Guaranteed Safe Reachability-based Trajectory Design for a High-Fidelity Model of an Autonomous Passenger Vehicle
For autonomous vehicle researchers, this paper extends a provably safe planning method from small robots to realistic passenger vehicles, showing practical feasibility.
This work applies the Reachability-based Trajectory Design (RTD) algorithm to a high-fidelity passenger vehicle model in CarSim, demonstrating safe real-time trajectory planning at speeds up to 15 m/s on a two-lane road with randomly-placed obstacles. RTD outperforms NMPC and RRT approaches in safety and real-time capability.

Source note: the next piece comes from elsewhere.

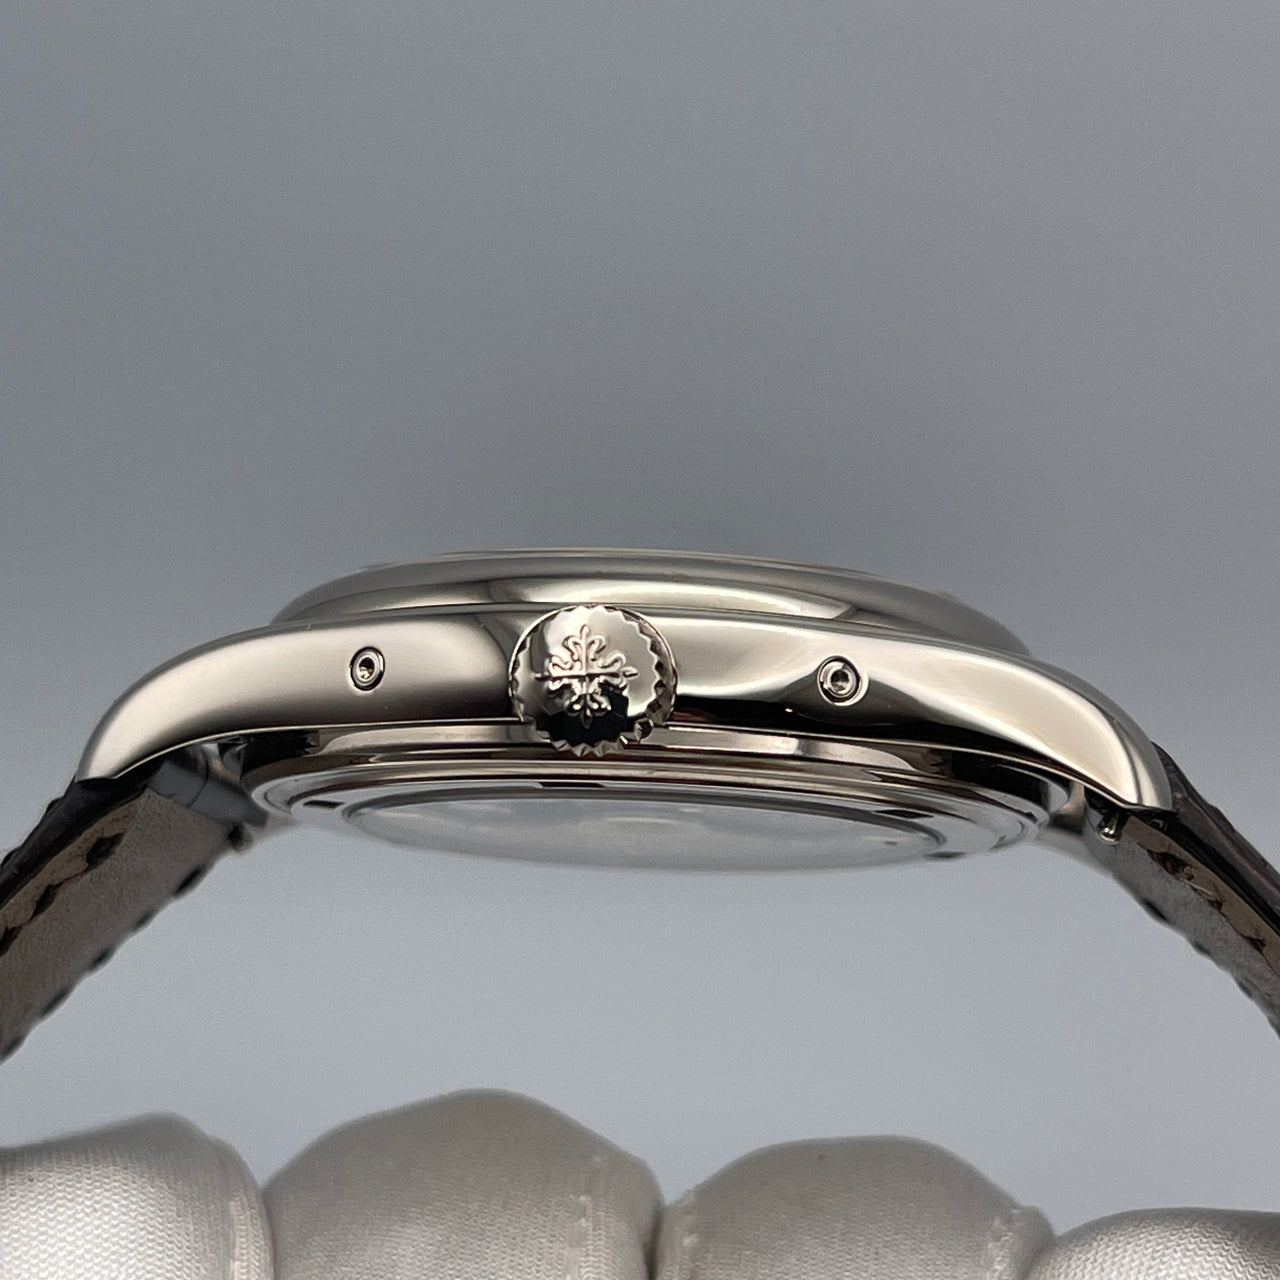 Luxury Watch Patek Philippe Complications Moon Phases Annual Calendar 5146G-001 Wrist Aficionado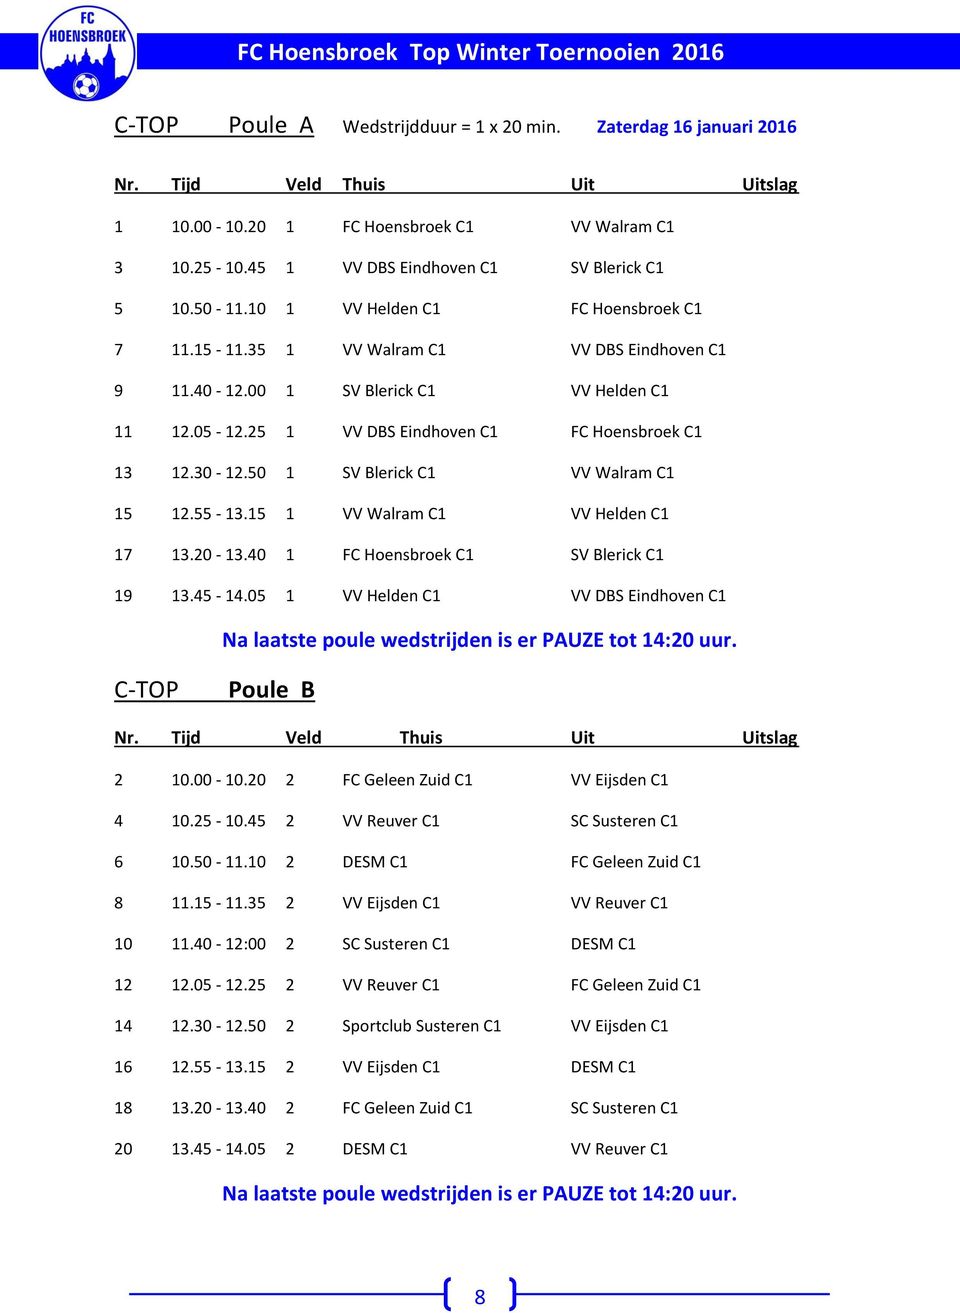 25 1 VV DBS Eindhoven C1 FC Hoensbroek C1 13 12.30-12.50 1 SV Blerick C1 VV alram C1 15 12.55-13.15 1 VV alram C1 VV Helden C1 17 13.20-13.40 1 FC Hoensbroek C1 SV Blerick C1 19 13.45-14.

Trajectory planning is challenging for autonomous cars since they operate in unpredictable environments with limited sensor horizons. To incorporate new information as it is sensed, planning is done in a loop, with the next plan being computed as the previous plan is executed. The recent Reachability-based Trajectory Design (RTD) is a provably safe, real-time algorithm for trajectory planning. RTD consists of an offline component, where a Forward Reachable Set (FRS) is computed for the vehicle tracking parameterized trajectories; and an online part, where the FRS is used to map obstacles to constraints for trajectory optimization in a provably-safe way. In the literature, RTD has only been applied to small mobile robots. The contribution of this work is applying RTD to a passenger vehicle in CarSim, with a full powertrain model, chassis and tire dynamics. RTD produces safe trajectory plans with the vehicle traveling up to 15 m/s on a two-lane road, with randomly-placed obstacles only known to the vehicle when detected within its sensor horizon. RTD is compared with a Nonlinear Model-Predictive Control (NMPC) and a Rapidly-exploring Random Tree (RRT) approach. The experiment demonstrates RTD's ability to plan safe trajectories in real time, in contrast to the existing state-of-the-art approaches.